Lawmaker to DFA, DTI: Act on new US bill on call centers

A LEGISLATOR on Monday filed a resolution urging the Department of Trade and Industry (DTI) and the Department of Foreign Affairs (DFA) to take immediate diplomatic and trade action in response to the proposed ‘Keep Call Centers in America Act of 2025,’ bill in the US Congress that could endanger the country’s business process outsourcing (BPO) industry and the jobs of over 1.7 million Filipinos.

In House Resolution 386, Cebu Rep. Duke Frasco called on the DTI and DFA-working with the Philippine Economic Zone Authority (Peza), the Board of Investments (BOI), and the Information Technology and Business Process Association of the Philippines (Ibpap)-to undertake immediate diplomatic consultations with US officials to protect the continued operation of US-affiliated BPO companies in the Philippines.
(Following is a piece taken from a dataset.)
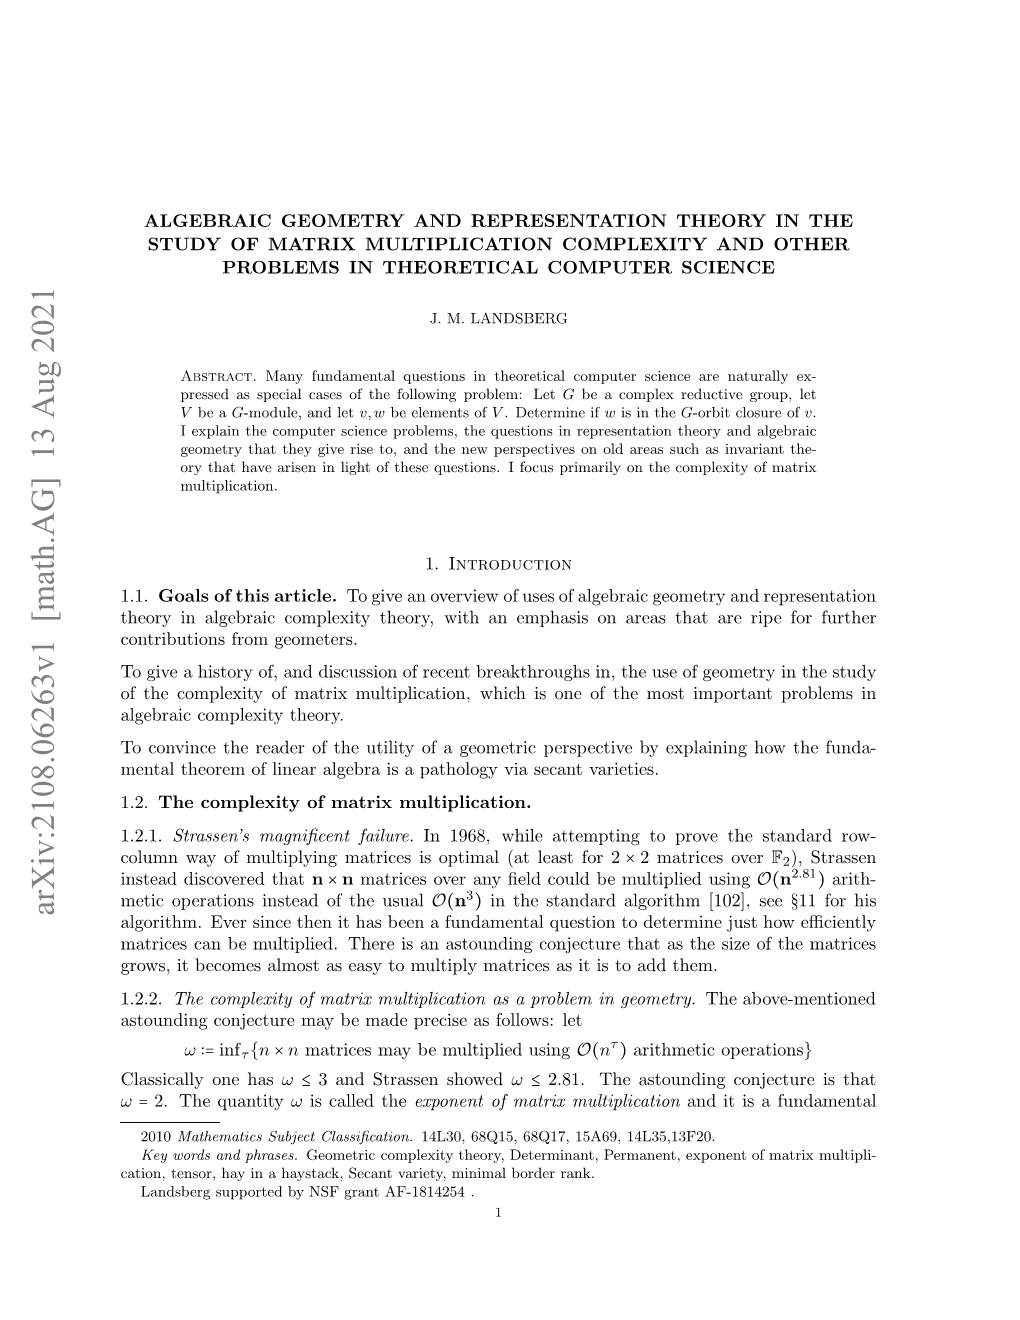 Algebraic Geometry and Representation Theory in the Study

The US bill, filed in Congress as Senate Bill 2495 and House Bill 4954, would require US employers to notify the US Secretary of Labor 120 days before relocating call center operations abroad. It would also publicly name companies that outsource jobs, bar them from receiving federal grants or loans for five years, and allow customers to demand that their service calls be handled only by US-based agents.

Frasco warned that such provisions could significantly disrupt the Philippine outsourcing industry, which employs around 1.7 million Filipinos and generates approximately US$35 billion annually, a large portion of which comes from US clients.

Frasco said that despite the potential economic fallout, the DTI fell short in taking proactive diplomatic or policy steps to defend the Philippines’ interests.

‘While the DTI has expressed readiness to assist the BPO sector, to date, it has not initiated formal talks with U.S. counterparts, convened a unified strategy with Ibpap, Peza, and BOI, or issued a clear and time-bound action plan to protect our BPO workers,’ Frasco added. ‘Given our dependence on the US market, a wait-and-see approach is unacceptable. The livelihoods of millions of Filipino families hang in the balance.’

The Philippine BPO industry is a vital economic driver, generating around US$35 billion annually, with roughly 70 percent of clients coming from the US Cebu, in particular, stands as one of the country’s largest outsourcing hubs outside Metro Manila, hosting major BPO operations in Cebu City, Mandaue, and nearby municipalities. The sector provides stable, high-value employment for tens of thousands of Cebuanos, supporting families and stimulating local businesses across the province.

‘Cebu has become a cornerstone of the country’s outsourcing success,’ Frasco said. ‘Our local communities benefit greatly from the jobs, skills development, and opportunities created by the BPO sector. Any disruption caused by this US legislation would have a direct and painful impact on Cebuano workers and families.’

The resolution noted that many BPO firms in the Philippines operate under the PEZA and the BOI-both of which are under the supervision of the DTI-and have been major contributors to employment, export services, and digital upskilling efforts in the country.

The resolution further emphasized that the Philippines remains an indispensable, reliable, and strategic partner of the United States in the global services sector, providing a secure and skilled workforce for American companies.

‘The urgency of the situation demands proactive diplomatic action,’ the resolution added. ‘The government must act to protect millions of Filipino jobs and preserve the longstanding economic partnership between the Philippines and the United States.’

‘The DTI must act with urgency and clarity,’ Frasco said. ‘The Philippines has long been a trusted and strategic partner of U.S. companies. It is the responsibility of our government to defend that partnership, protect our workers, and safeguard an industry that sustains the livelihood of countless Filipino families.’